START Information provided
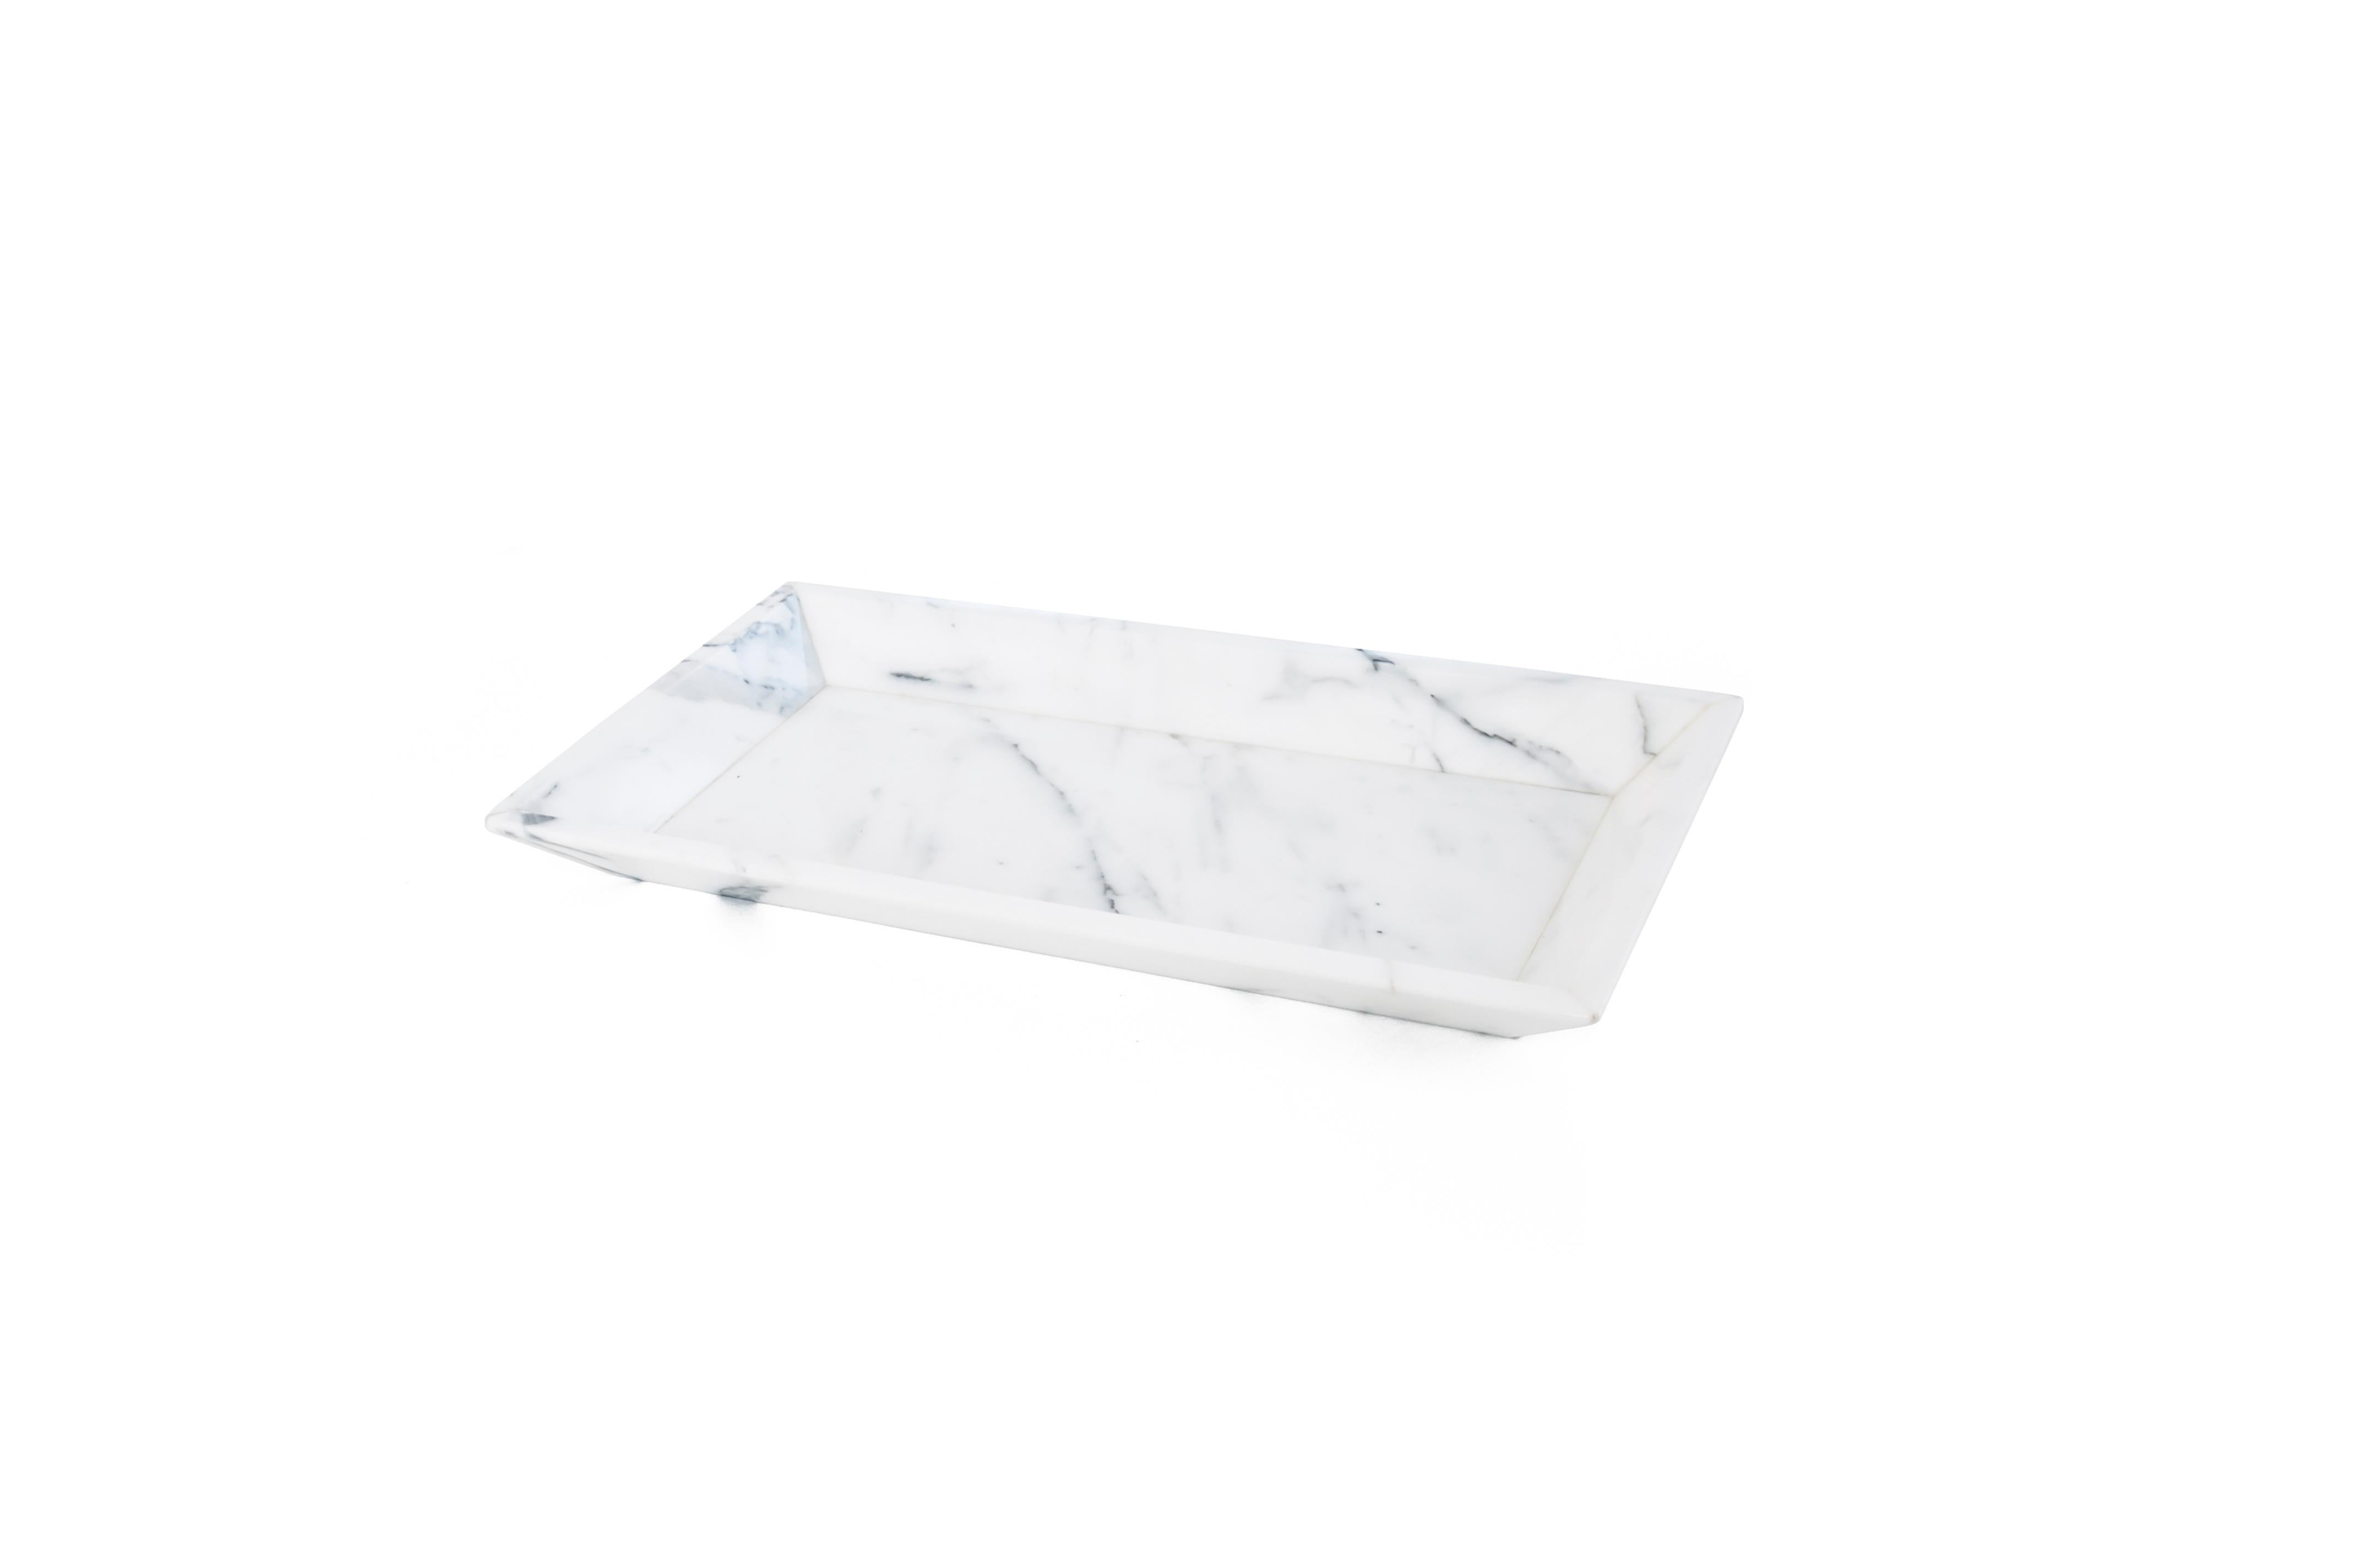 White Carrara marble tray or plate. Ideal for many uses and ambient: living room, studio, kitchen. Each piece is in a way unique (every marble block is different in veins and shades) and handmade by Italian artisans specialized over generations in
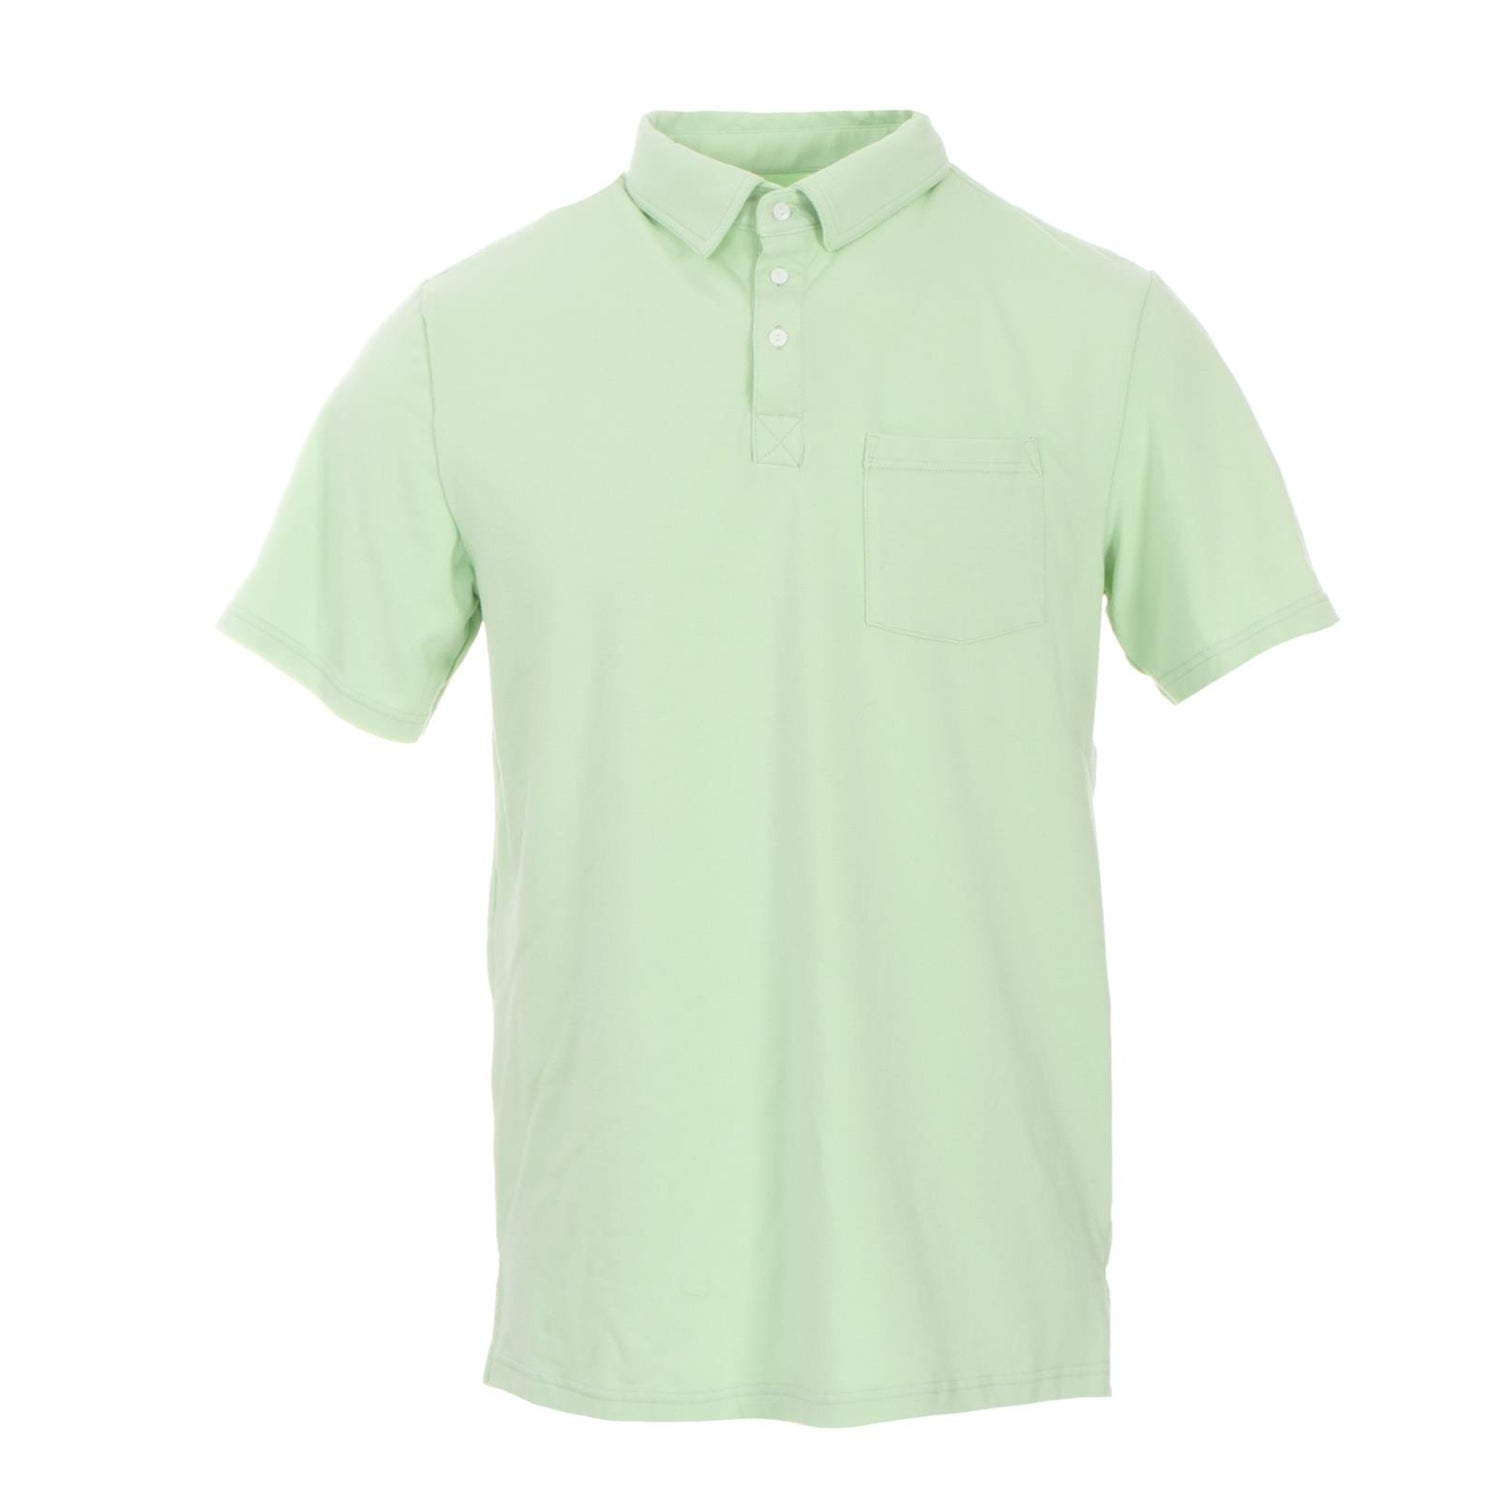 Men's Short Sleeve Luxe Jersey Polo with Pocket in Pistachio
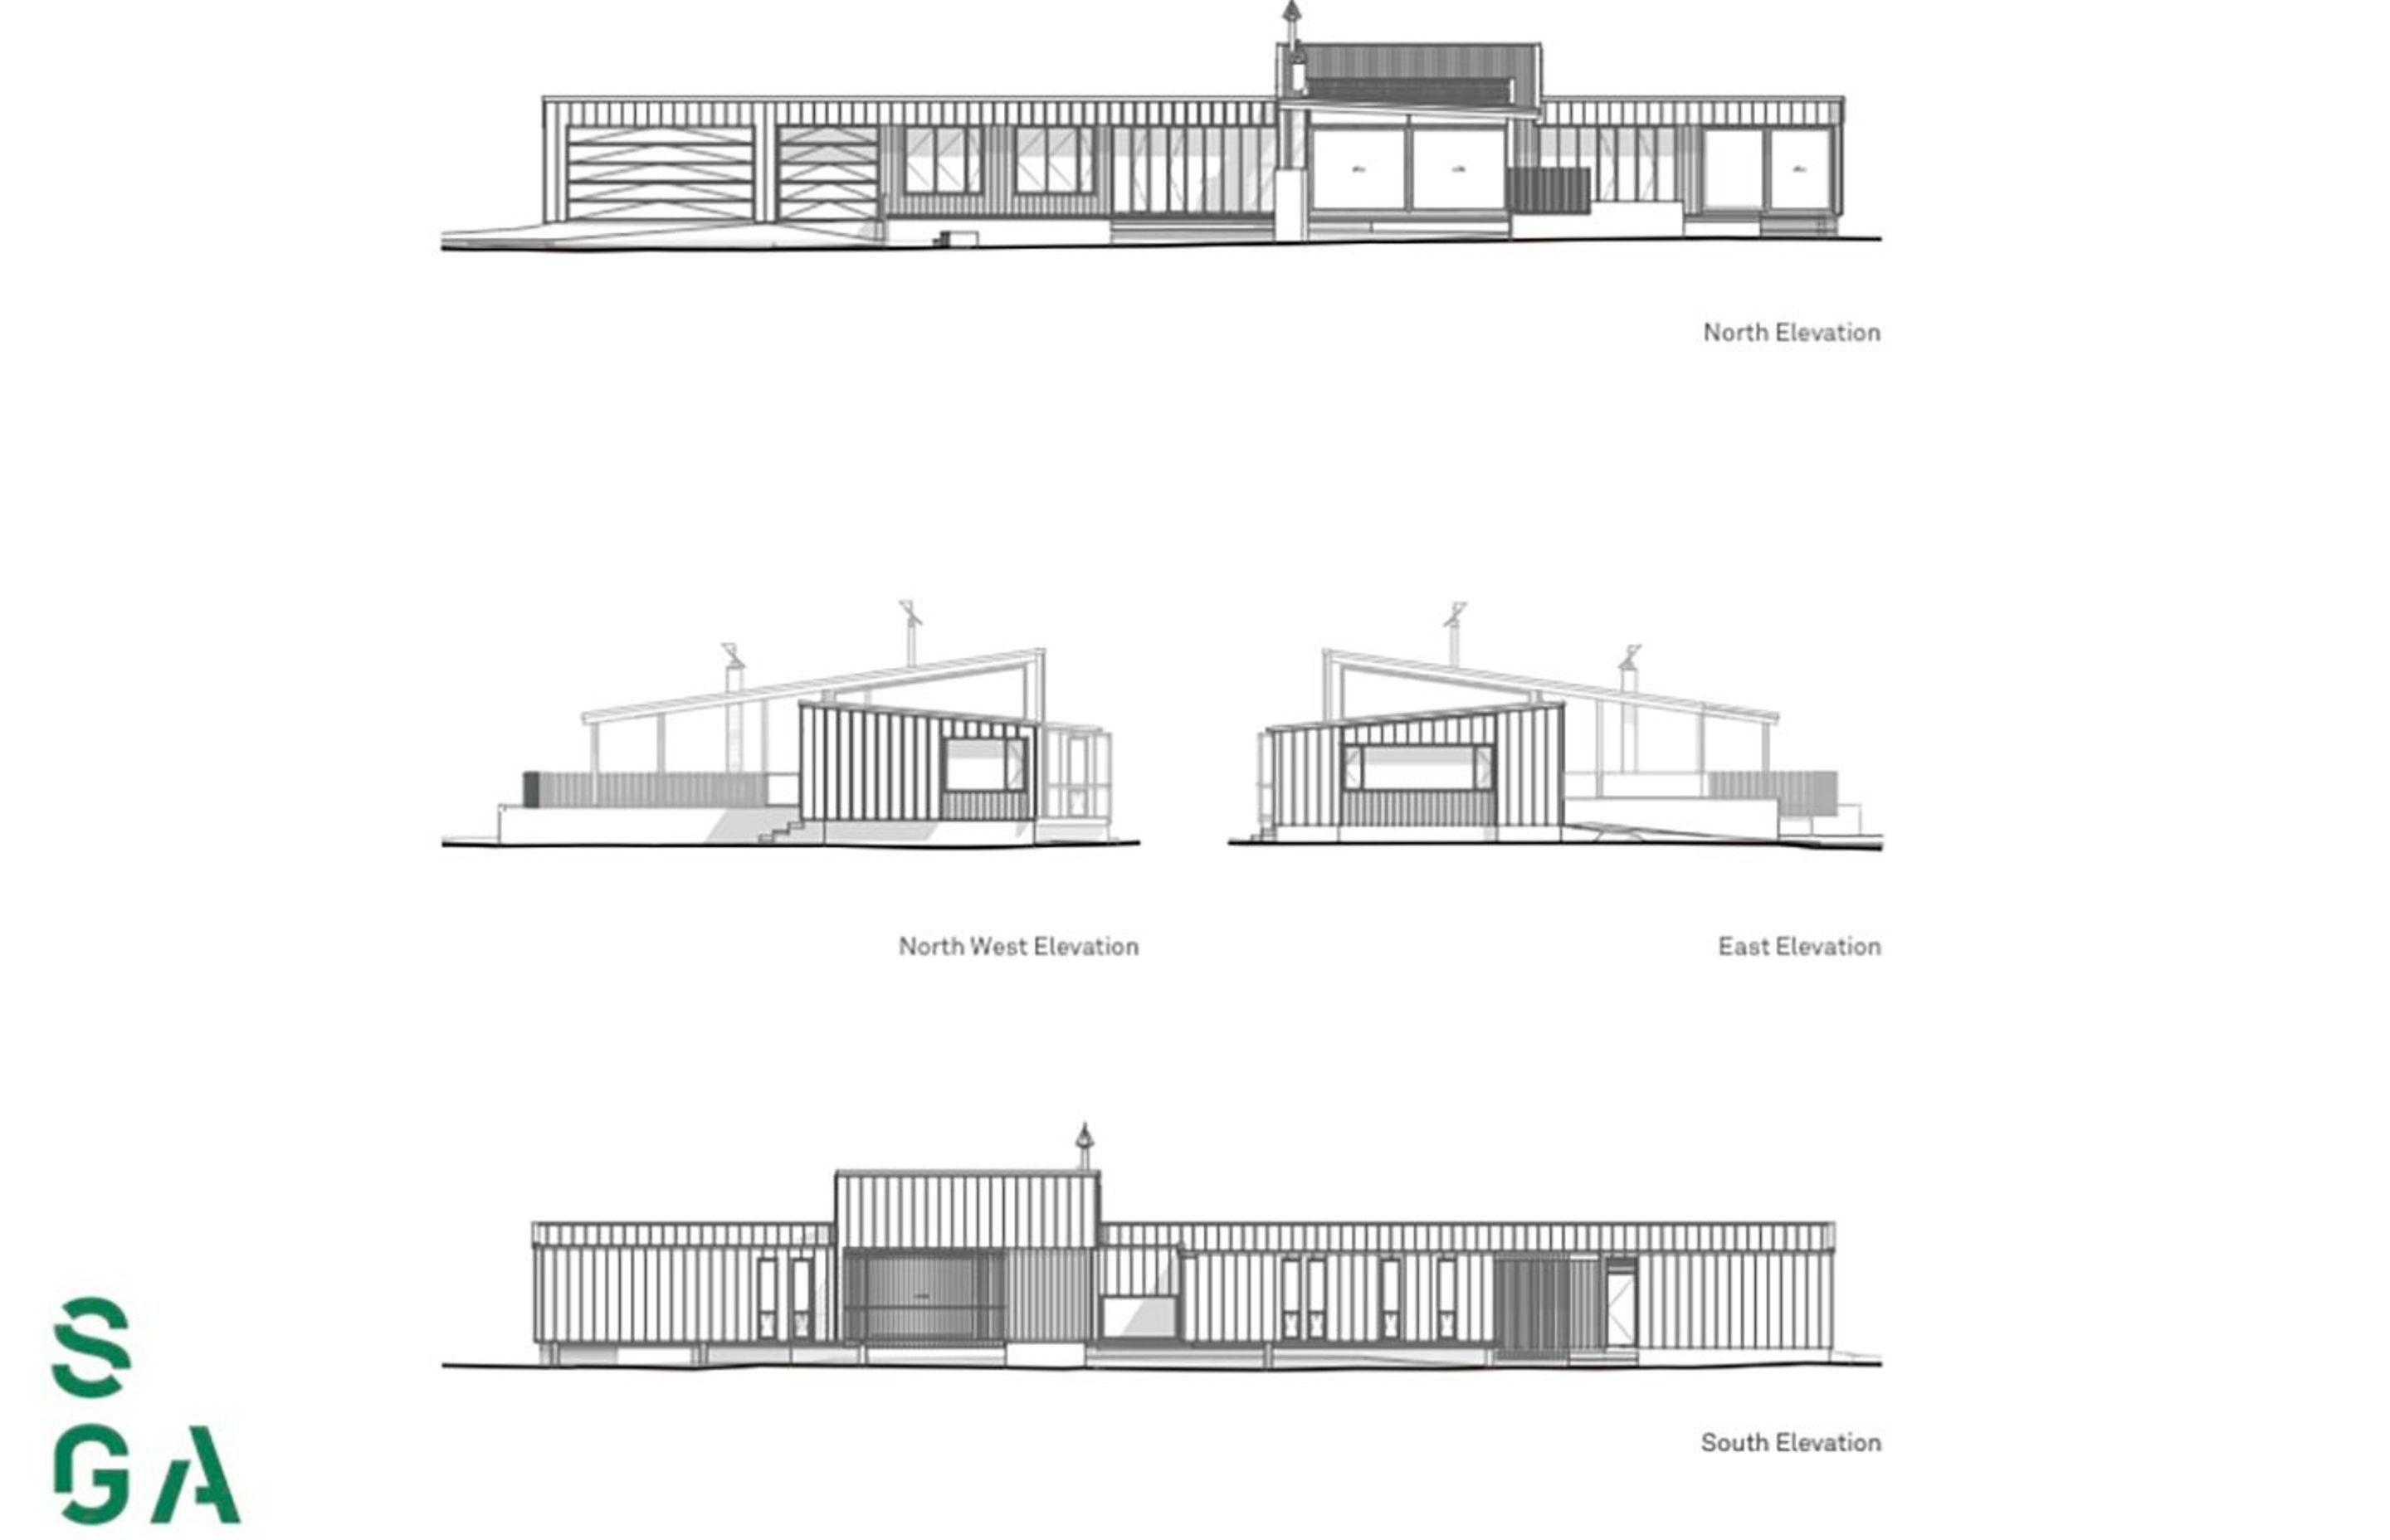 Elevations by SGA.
END Information provided
* _Exercise instructions_
Pictures are to be excluded; all other material must be transcribed exactly.

* _Task answer_
 White Carrara marble tray or plate. Ideal for many uses and ambient: living room, studio, kitchen. Each piece is in a way unique (every marble block is different in veins and shades) and handmade by Italian artisans specialized over generations in
 Men's Short Sleeve Luxe Jersey Polo with Pocket in Pistachio
 Elevations by SGA.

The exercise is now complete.